En este protocolo, las células de monocitos-macrófagos de la médula ósea se extraen por el método de adherencia secundaria. Las células de monocitos-macrófagos de la médula ósea pueden diferenciarse con éxito en osteoclastos, lo que proporciona un modelo celular estable para el estudio de los osteoclastos in vitro. Este método es adecuado para pequeñas muestras de médula ósea y puede extraer células de monocitos-macrófagos de médula ósea de la médula ósea de manera simple y rápida sin requerir equipos de laboratorio de alta tecnología.
El aumento de osteoclastos puede ser la patogénesis potencial de la osteoporosis. Las células de monocitos-macrófagos de la médula ósea tienen cierto valor de investigación como células precursoras de osteoclastos. Para comenzar, sumerja a las ratas sacrificadas en alcohol al 75% durante 10 minutos para la desinfección.
Después de extraer cuidadosamente todas las extremidades de la rata con tijeras y fórceps, aspire con PBS usando una pipeta y enjuague la sangre adherida a las extremidades. Luego, a dos mililitros del 10% FBS DMEM en un tubo de cinco mililitros. Después de transferir los huesos de las extremidades al tubo de cinco mililitros, use tijeras para cortar los huesos de las extremidades en el tubo en trozos pequeños y mezcle el homogeneizado para resuspendir las células de la médula ósea en el medio de cultivo.
Párese durante cinco minutos hasta que los fragmentos de tejido se asienten en la parte inferior del tubo. A continuación, agregue 10 mililitros de 10% FBS DMEM en un plato de cultivo de 100 milímetros y luego transfiera el sobrenadante al plato de cultivo. Incubar a 37 grados Centígrados en 5% de dióxido de carbono durante aproximadamente 24 horas.
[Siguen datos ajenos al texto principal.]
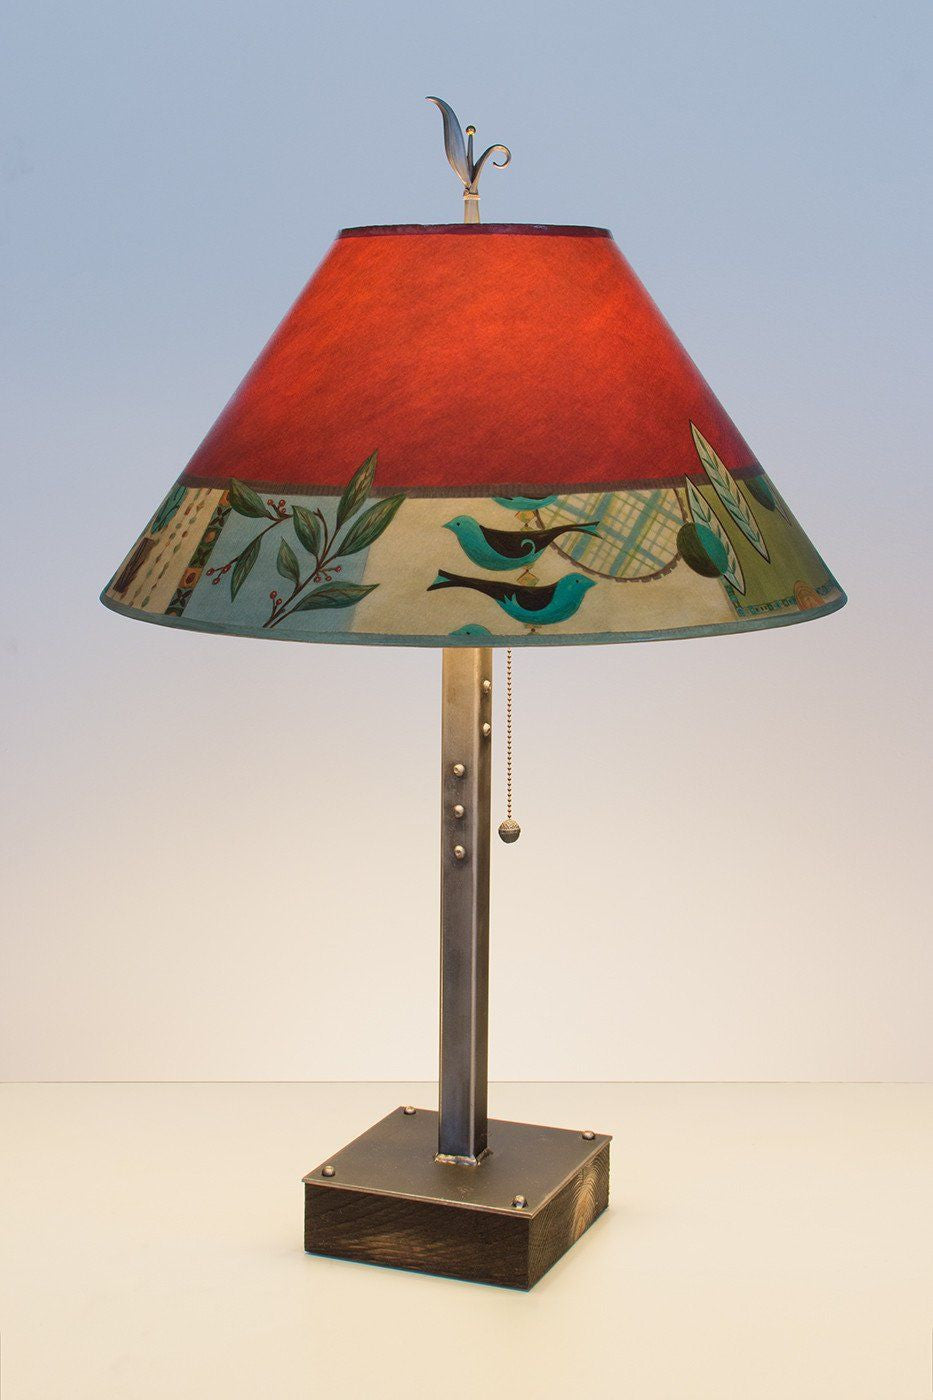 Steel Table Lamp on Wood with Large Conical Shade in New Capri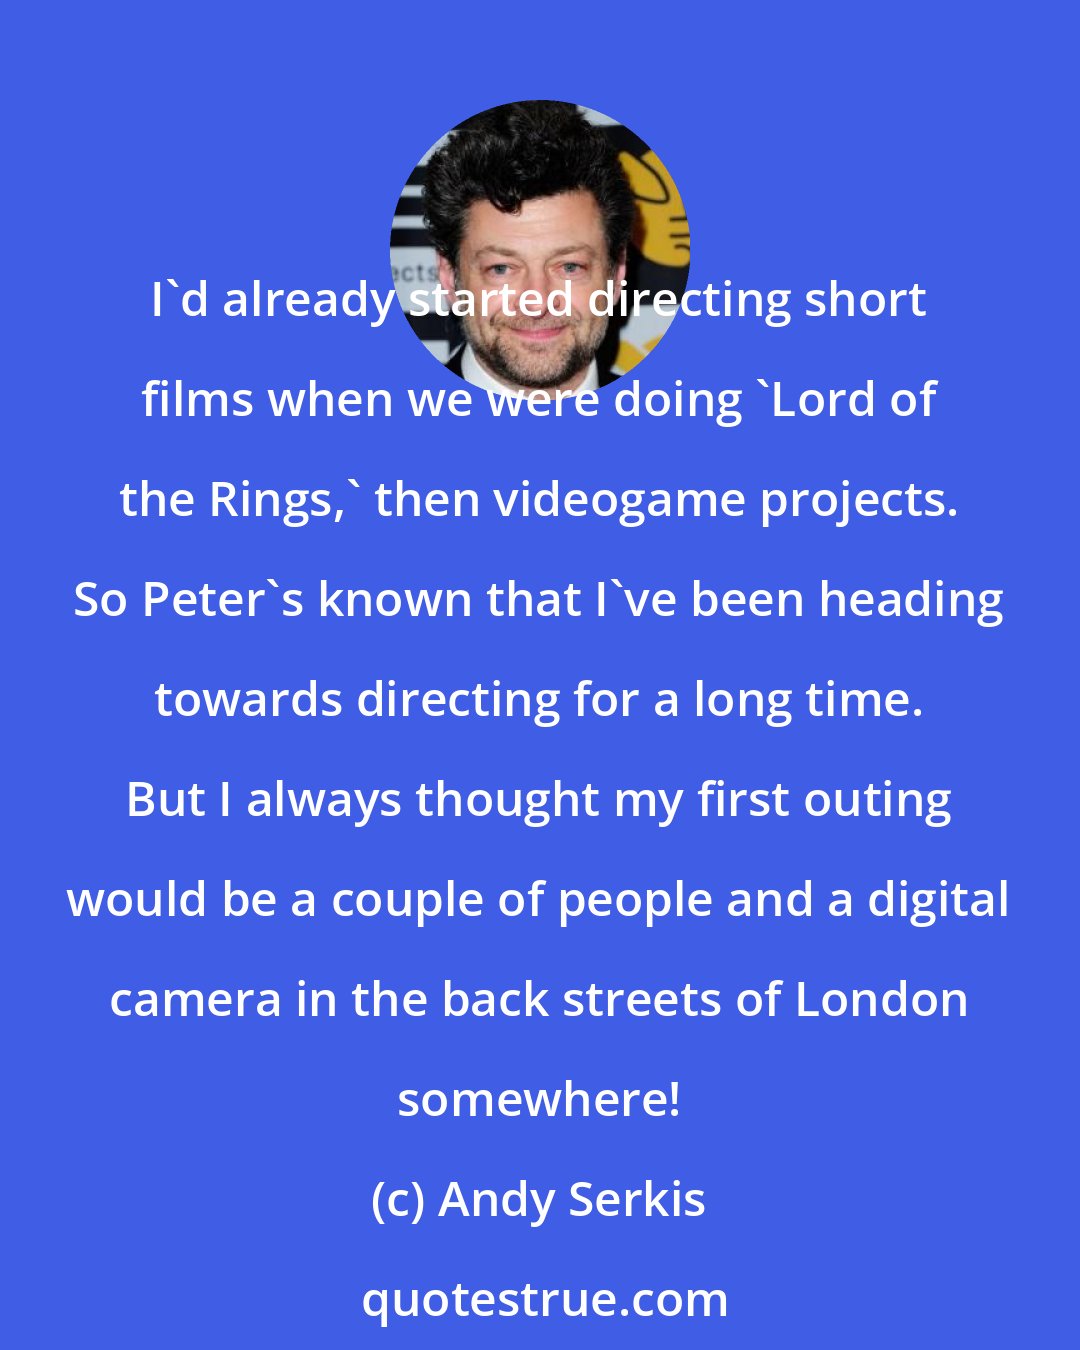 Andy Serkis: I'd already started directing short films when we were doing 'Lord of the Rings,' then videogame projects. So Peter's known that I've been heading towards directing for a long time. But I always thought my first outing would be a couple of people and a digital camera in the back streets of London somewhere!

Después de este tiempo de incubación, la mayoría de las células madre mesenquimales se adherirán a la pared del plato de cultivo y crecerán lentamente, mientras que la mayoría de las células de monocitos-macrófagos de la médula ósea aún estarán suspendidas en el medio de cultivo. Transfiera la suspensión celular en el plato de cultivo de 100 milímetros a un nuevo matraz cuadrado de 25 centímetros y continúe cultivando las células a 37 grados Celsius en 5% de dióxido de carbono durante 24 horas adicionales. Después de retirar el medio viejo con cuidado, reemplácelo con medio fresco después de que las células de monocitos-macrófagos de la médula ósea se hayan adherido a la pared del matraz.
La citometría de flujo mostró que el porcentaje de células que expresan CD11b y c, un marcador molecular en la superficie de las células del linaje de monocitos-macrófagos fue de aproximadamente el 37,94%Con la proliferación celular continua, la mayoría de las células se hicieron más grandes dentro de forma irregular y se convirtieron en un disco adherente radial. Los resultados de la tinción TRAP mostraron que, en comparación con el grupo de control, el número de gránulos rojos púrpura intracelulares aumentó significativamente en las células inducidas con el activador del receptor del ligando kappa B del factor nuclear y el factor estimulante de colonias de macrófagos. El análisis de Western blot demostró que los niveles de expresión de las proteínas específicas de osteoclasto TRAP y catepsina K aumentaron significativamente en las células tratadas en comparación con el grupo de control.
Lo más importante en este procedimiento es el tiempo para recolectar células adherentes secundarias en 24 a 48 horas de cultivo primario, las células de monocitos-macrófagos de la médula ósea comienzan a adherirse por completo. Las células de monocitos-macrófagos de la médula ósea aisladas por este método pueden ser inducidas en osteoclastos in vitro, proporcionando un modelo celular estable para el estudio de la osteoporosis.